■ HOW TO COMPLETE THIS TASK ■
Write the entries below out again without a single difference.

■ DATA ■
BEGIN

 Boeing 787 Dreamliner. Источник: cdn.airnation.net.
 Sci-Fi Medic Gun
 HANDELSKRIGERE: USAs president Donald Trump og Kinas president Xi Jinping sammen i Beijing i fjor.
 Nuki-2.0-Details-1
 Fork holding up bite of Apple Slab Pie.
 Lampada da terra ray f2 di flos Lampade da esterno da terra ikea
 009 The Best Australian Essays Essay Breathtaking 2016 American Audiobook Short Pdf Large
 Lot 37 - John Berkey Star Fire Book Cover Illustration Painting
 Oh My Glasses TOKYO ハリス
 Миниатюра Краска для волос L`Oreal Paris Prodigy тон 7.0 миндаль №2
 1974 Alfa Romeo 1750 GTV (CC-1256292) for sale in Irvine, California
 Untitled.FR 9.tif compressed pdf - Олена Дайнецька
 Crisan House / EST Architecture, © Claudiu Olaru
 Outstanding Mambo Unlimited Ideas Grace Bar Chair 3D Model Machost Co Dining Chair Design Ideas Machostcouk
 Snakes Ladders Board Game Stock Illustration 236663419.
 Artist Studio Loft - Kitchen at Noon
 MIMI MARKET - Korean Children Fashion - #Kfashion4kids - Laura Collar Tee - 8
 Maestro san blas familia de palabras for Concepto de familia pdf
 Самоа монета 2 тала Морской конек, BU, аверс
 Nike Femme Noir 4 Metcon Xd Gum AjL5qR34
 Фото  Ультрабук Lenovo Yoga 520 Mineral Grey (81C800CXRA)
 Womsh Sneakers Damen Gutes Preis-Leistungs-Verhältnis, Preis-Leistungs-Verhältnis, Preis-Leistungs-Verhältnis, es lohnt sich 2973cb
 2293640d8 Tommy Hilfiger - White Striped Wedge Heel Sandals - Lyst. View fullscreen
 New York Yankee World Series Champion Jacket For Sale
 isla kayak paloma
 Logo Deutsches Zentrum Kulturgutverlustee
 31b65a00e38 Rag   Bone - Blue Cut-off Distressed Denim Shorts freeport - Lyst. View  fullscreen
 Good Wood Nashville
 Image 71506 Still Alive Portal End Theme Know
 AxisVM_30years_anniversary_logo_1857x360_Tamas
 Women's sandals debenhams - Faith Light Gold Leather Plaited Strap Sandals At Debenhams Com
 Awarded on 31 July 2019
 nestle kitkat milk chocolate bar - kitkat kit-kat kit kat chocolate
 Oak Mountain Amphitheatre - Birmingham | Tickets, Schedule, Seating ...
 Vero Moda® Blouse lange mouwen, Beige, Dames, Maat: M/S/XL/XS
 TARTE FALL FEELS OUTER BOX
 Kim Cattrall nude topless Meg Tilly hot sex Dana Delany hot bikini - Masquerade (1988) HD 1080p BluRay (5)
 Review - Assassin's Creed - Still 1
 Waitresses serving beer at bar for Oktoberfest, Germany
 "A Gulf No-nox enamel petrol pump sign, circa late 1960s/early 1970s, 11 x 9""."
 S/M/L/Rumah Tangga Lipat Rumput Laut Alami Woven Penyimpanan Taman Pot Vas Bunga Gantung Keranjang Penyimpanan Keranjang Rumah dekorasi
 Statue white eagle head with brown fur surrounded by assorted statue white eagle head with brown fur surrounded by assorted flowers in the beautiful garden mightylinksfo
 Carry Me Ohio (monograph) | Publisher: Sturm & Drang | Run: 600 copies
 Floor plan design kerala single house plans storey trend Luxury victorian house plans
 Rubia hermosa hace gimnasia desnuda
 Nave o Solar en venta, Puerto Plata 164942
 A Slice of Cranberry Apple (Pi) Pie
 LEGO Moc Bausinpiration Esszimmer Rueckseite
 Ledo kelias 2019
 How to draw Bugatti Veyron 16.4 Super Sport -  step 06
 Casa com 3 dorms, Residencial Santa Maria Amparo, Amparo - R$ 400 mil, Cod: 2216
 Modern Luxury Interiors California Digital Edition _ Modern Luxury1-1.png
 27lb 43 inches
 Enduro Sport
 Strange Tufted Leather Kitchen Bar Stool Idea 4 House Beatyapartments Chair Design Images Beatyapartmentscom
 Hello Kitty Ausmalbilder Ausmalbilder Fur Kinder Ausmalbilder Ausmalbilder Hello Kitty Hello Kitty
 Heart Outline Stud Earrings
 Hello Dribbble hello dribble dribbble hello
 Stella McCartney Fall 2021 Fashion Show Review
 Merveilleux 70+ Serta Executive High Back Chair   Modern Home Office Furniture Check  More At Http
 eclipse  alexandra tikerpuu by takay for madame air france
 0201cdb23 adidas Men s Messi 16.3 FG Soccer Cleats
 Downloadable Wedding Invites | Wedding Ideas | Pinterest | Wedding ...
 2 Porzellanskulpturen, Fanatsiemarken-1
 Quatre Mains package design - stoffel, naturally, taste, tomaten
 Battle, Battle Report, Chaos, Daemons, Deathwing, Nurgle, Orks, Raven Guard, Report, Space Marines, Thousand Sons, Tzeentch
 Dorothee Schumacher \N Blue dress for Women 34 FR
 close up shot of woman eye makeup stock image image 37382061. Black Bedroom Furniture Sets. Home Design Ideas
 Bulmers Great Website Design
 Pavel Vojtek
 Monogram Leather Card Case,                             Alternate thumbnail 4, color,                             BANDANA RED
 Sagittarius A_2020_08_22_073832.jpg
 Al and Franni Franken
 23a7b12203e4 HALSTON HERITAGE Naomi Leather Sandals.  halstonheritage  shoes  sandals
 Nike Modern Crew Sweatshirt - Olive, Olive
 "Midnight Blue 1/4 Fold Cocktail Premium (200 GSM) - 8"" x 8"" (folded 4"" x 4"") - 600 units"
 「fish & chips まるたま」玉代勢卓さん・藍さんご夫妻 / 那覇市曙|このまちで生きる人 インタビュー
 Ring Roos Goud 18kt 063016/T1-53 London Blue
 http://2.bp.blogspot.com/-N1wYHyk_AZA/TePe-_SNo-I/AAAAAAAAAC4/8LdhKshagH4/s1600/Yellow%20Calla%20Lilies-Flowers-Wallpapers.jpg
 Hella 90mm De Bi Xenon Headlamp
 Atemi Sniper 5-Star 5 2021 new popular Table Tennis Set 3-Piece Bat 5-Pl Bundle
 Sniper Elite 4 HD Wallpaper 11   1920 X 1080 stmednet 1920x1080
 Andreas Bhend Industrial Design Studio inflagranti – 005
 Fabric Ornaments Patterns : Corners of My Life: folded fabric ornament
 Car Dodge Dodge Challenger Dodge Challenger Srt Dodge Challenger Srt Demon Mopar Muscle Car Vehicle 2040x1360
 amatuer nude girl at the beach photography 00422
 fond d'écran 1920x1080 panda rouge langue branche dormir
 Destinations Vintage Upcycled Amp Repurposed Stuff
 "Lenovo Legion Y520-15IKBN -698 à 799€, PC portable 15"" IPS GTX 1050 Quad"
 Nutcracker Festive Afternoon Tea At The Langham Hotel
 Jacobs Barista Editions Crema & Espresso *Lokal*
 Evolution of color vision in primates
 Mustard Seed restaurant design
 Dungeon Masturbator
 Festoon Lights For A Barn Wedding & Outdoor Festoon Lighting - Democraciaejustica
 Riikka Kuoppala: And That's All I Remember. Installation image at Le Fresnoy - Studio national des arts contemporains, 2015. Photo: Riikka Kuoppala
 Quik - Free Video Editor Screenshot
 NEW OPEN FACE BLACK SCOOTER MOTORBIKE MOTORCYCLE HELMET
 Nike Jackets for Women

END

■ SOLUTION TO THIS TASK ■
 Boeing 787 Dreamliner. Источник: cdn.airnation.net.
 Sci-Fi Medic Gun
 HANDELSKRIGERE: USAs president Donald Trump og Kinas president Xi Jinping sammen i Beijing i fjor.
 Nuki-2.0-Details-1
 Fork holding up bite of Apple Slab Pie.
 Lampada da terra ray f2 di flos Lampade da esterno da terra ikea
 009 The Best Australian Essays Essay Breathtaking 2016 American Audiobook Short Pdf Large
 Lot 37 - John Berkey Star Fire Book Cover Illustration Painting
 Oh My Glasses TOKYO ハリス
 Миниатюра Краска для волос L`Oreal Paris Prodigy тон 7.0 миндаль №2
 1974 Alfa Romeo 1750 GTV (CC-1256292) for sale in Irvine, California
 Untitled.FR 9.tif compressed pdf - Олена Дайнецька
 Crisan House / EST Architecture, © Claudiu Olaru
 Outstanding Mambo Unlimited Ideas Grace Bar Chair 3D Model Machost Co Dining Chair Design Ideas Machostcouk
 Snakes Ladders Board Game Stock Illustration 236663419.
 Artist Studio Loft - Kitchen at Noon
 MIMI MARKET - Korean Children Fashion - #Kfashion4kids - Laura Collar Tee - 8
 Maestro san blas familia de palabras for Concepto de familia pdf
 Самоа монета 2 тала Морской конек, BU, аверс
 Nike Femme Noir 4 Metcon Xd Gum AjL5qR34
 Фото  Ультрабук Lenovo Yoga 520 Mineral Grey (81C800CXRA)
 Womsh Sneakers Damen Gutes Preis-Leistungs-Verhältnis, Preis-Leistungs-Verhältnis, Preis-Leistungs-Verhältnis, es lohnt sich 2973cb
 2293640d8 Tommy Hilfiger - White Striped Wedge Heel Sandals - Lyst. View fullscreen
 New York Yankee World Series Champion Jacket For Sale
 isla kayak paloma
 Logo Deutsches Zentrum Kulturgutverlustee
 31b65a00e38 Rag   Bone - Blue Cut-off Distressed Denim Shorts freeport - Lyst. View  fullscreen
 Good Wood Nashville
 Image 71506 Still Alive Portal End Theme Know
 AxisVM_30years_anniversary_logo_1857x360_Tamas
 Women's sandals debenhams - Faith Light Gold Leather Plaited Strap Sandals At Debenhams Com
 Awarded on 31 July 2019
 nestle kitkat milk chocolate bar - kitkat kit-kat kit kat chocolate
 Oak Mountain Amphitheatre - Birmingham | Tickets, Schedule, Seating ...
 Vero Moda® Blouse lange mouwen, Beige, Dames, Maat: M/S/XL/XS
 TARTE FALL FEELS OUTER BOX
 Kim Cattrall nude topless Meg Tilly hot sex Dana Delany hot bikini - Masquerade (1988) HD 1080p BluRay (5)
 Review - Assassin's Creed - Still 1
 Waitresses serving beer at bar for Oktoberfest, Germany
 "A Gulf No-nox enamel petrol pump sign, circa late 1960s/early 1970s, 11 x 9""."
 S/M/L/Rumah Tangga Lipat Rumput Laut Alami Woven Penyimpanan Taman Pot Vas Bunga Gantung Keranjang Penyimpanan Keranjang Rumah dekorasi
 Statue white eagle head with brown fur surrounded by assorted statue white eagle head with brown fur surrounded by assorted flowers in the beautiful garden mightylinksfo
 Carry Me Ohio (monograph) | Publisher: Sturm & Drang | Run: 600 copies
 Floor plan design kerala single house plans storey trend Luxury victorian house plans
 Rubia hermosa hace gimnasia desnuda
 Nave o Solar en venta, Puerto Plata 164942
 A Slice of Cranberry Apple (Pi) Pie
 LEGO Moc Bausinpiration Esszimmer Rueckseite
 Ledo kelias 2019
 How to draw Bugatti Veyron 16.4 Super Sport -  step 06
 Casa com 3 dorms, Residencial Santa Maria Amparo, Amparo - R$ 400 mil, Cod: 2216
 Modern Luxury Interiors California Digital Edition _ Modern Luxury1-1.png
 27lb 43 inches
 Enduro Sport
 Strange Tufted Leather Kitchen Bar Stool Idea 4 House Beatyapartments Chair Design Images Beatyapartmentscom
 Hello Kitty Ausmalbilder Ausmalbilder Fur Kinder Ausmalbilder Ausmalbilder Hello Kitty Hello Kitty
 Heart Outline Stud Earrings
 Hello Dribbble hello dribble dribbble hello
 Stella McCartney Fall 2021 Fashion Show Review
 Merveilleux 70+ Serta Executive High Back Chair   Modern Home Office Furniture Check  More At Http
 eclipse  alexandra tikerpuu by takay for madame air france
 0201cdb23 adidas Men s Messi 16.3 FG Soccer Cleats
 Downloadable Wedding Invites | Wedding Ideas | Pinterest | Wedding ...
 2 Porzellanskulpturen, Fanatsiemarken-1
 Quatre Mains package design - stoffel, naturally, taste, tomaten
 Battle, Battle Report, Chaos, Daemons, Deathwing, Nurgle, Orks, Raven Guard, Report, Space Marines, Thousand Sons, Tzeentch
 Dorothee Schumacher \N Blue dress for Women 34 FR
 close up shot of woman eye makeup stock image image 37382061. Black Bedroom Furniture Sets. Home Design Ideas
 Bulmers Great Website Design
 Pavel Vojtek
 Monogram Leather Card Case,                             Alternate thumbnail 4, color,                             BANDANA RED
 Sagittarius A_2020_08_22_073832.jpg
 Al and Franni Franken
 23a7b12203e4 HALSTON HERITAGE Naomi Leather Sandals.  halstonheritage  shoes  sandals
 Nike Modern Crew Sweatshirt - Olive, Olive
 "Midnight Blue 1/4 Fold Cocktail Premium (200 GSM) - 8"" x 8"" (folded 4"" x 4"") - 600 units"
 「fish & chips まるたま」玉代勢卓さん・藍さんご夫妻 / 那覇市曙|このまちで生きる人 インタビュー
 Ring Roos Goud 18kt 063016/T1-53 London Blue
 http://2.bp.blogspot.com/-N1wYHyk_AZA/TePe-_SNo-I/AAAAAAAAAC4/8LdhKshagH4/s1600/Yellow%20Calla%20Lilies-Flowers-Wallpapers.jpg
 Hella 90mm De Bi Xenon Headlamp
 Atemi Sniper 5-Star 5 2021 new popular Table Tennis Set 3-Piece Bat 5-Pl Bundle
 Sniper Elite 4 HD Wallpaper 11   1920 X 1080 stmednet 1920x1080
 Andreas Bhend Industrial Design Studio inflagranti – 005
 Fabric Ornaments Patterns : Corners of My Life: folded fabric ornament
 Car Dodge Dodge Challenger Dodge Challenger Srt Dodge Challenger Srt Demon Mopar Muscle Car Vehicle 2040x1360
 amatuer nude girl at the beach photography 00422
 fond d'écran 1920x1080 panda rouge langue branche dormir
 Destinations Vintage Upcycled Amp Repurposed Stuff
 "Lenovo Legion Y520-15IKBN -698 à 799€, PC portable 15"" IPS GTX 1050 Quad"
 Nutcracker Festive Afternoon Tea At The Langham Hotel
 Jacobs Barista Editions Crema & Espresso *Lokal*
 Evolution of color vision in primates
 Mustard Seed restaurant design
 Dungeon Masturbator
 Festoon Lights For A Barn Wedding & Outdoor Festoon Lighting - Democraciaejustica
 Riikka Kuoppala: And That's All I Remember. Installation image at Le Fresnoy - Studio national des arts contemporains, 2015. Photo: Riikka Kuoppala
 Quik - Free Video Editor Screenshot
 NEW OPEN FACE BLACK SCOOTER MOTORBIKE MOTORCYCLE HELMET
 Nike Jackets for Women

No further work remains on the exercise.